Gupta was speaking on the three ordinances that were recently introduced by the GoI, ushering in major agricultural market reforms.

  • The Essential Commodities (Amendment) Ordinance, 2020, that amends the existing act to remove all agricultural commodities from the list of essential commodities. The government assumes that “the freedom to produce, hold, move, distribute and supply will lead to harnessing of economies of scale and attract private sector/foreign direct investment into agriculture sector. It will help drive up investment in cold storages and modernisation of food supply chain.”
  • The Farming Produce Trade and Commerce (Promotion and Facilitation) Ordinance, 2020, which will promote barrier-free inter-state and intra-state trade and commerce outside the physical premises of markets notified under State Agricultural Produce Marketing legislations. It basically aims to create trading opportunities outside state-run Agricultural Produce Marketing Committee yards.
  • The Farmers (Empowerment and Protection) Agreement on Price Assurance and Farm Services Ordinance, 2020, that provides for a national framework for agreements with the farmer by any third party. It is an enabling legal framework for contract farming.

Yogesh Dwivedi, Chief Executive Officer, Madhya Bharat Consortium of Farmers Producer Company, said that the Mandi Act will facilitate direct procurement of agriculture produce from farmer’s doorstep by buyers without having to bring them to the Mandis to sell.

Amit Mundawala, Co-founder & MD, AgriBazaar said, “Transport enables the farmer to invest more and increase production.” Mundawala added that these reforms have created promising investment opportunities for private enterprises.

Pravesh Sharma, Advisor, FICCI & Co-founder & CEO, Kamatan Farm Tech said, “The present set of agriculture reforms is of course welcome, but they should be seen as the starting point and not the destination of the journey. Much needs to be done to address bottlenecks in factor markets such as land and capital, technology and infrastructure upgradation before Indian agriculture can become globally competitive, ecologically sustainable and socially inclusive.”

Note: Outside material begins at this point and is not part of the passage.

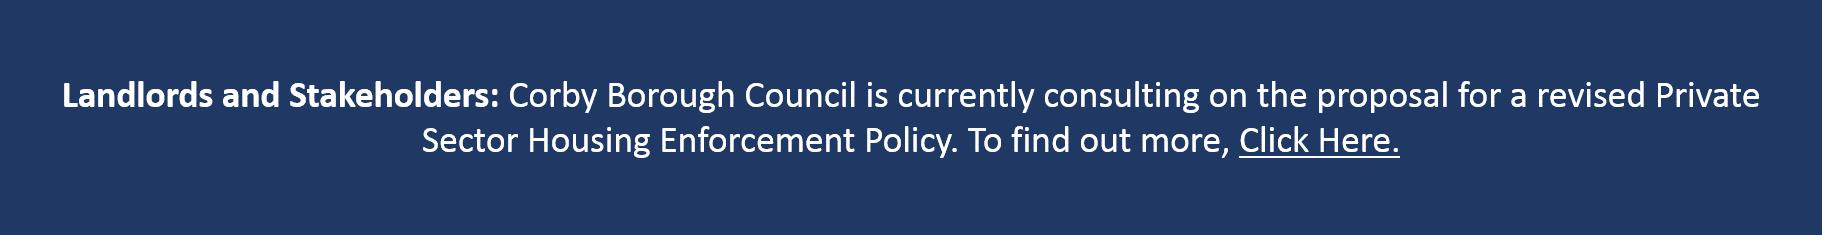 Enforcement Policy Banner

Siraj Hussain, Advisor, FICCI and Former Secretary, Ministry of Agriculture & Farmers Welfare said, “The rules are yet to be circulated by the Government and therefore, in many cases, there is some vagueness as to how the implementation of these ordinances will take place on ground. However, I do think that in the long run, these ordinances, if enacted into laws, will bring a lot of change to how agriculture marketing, farming and trading takes place.”

Venkatram Vasantavada, MD & CEO, SeedWorks International said, “We are in a kind of a supply surplus situation so if these reforms solve the issues around market linkages, the farmer will have incentives to invest.” Vasantavada mentioned, going forward, investment in technology, R&D and impactful collaborations will be big game changers.

T R Kesavan, Chairman, FICCI Agriculture Committee and Group President, TAFE said that the agriculture ordinances have the potential to fundamentally transform the agriculture sector, facilitate more holistic development of agriculture markets, and benefit the farmers. “What is important is that when you have surplus crops and bounties, one of the major areas of focus for this will be how to preserve the waste and convert this into processed, value added food. Indirectly it’s putting money back into the farmers’ hands.” Kesavan also mentioned that proactive approach and enabling ecosystem for promoting agriculture export could make India emerge as an important global player in the next decade.

Ramesh Doraiswami, MD & CEO, National Bulk Handling Corporation, said that the recently announced agricultural reforms could bring a paradigm shift towards a more transparent, productive and integrated post-harvest value chain in Indian Agriculture. “Good engagement amongst various stakeholders including governments can make agriculture a sunrise sector and strengthen farmers.”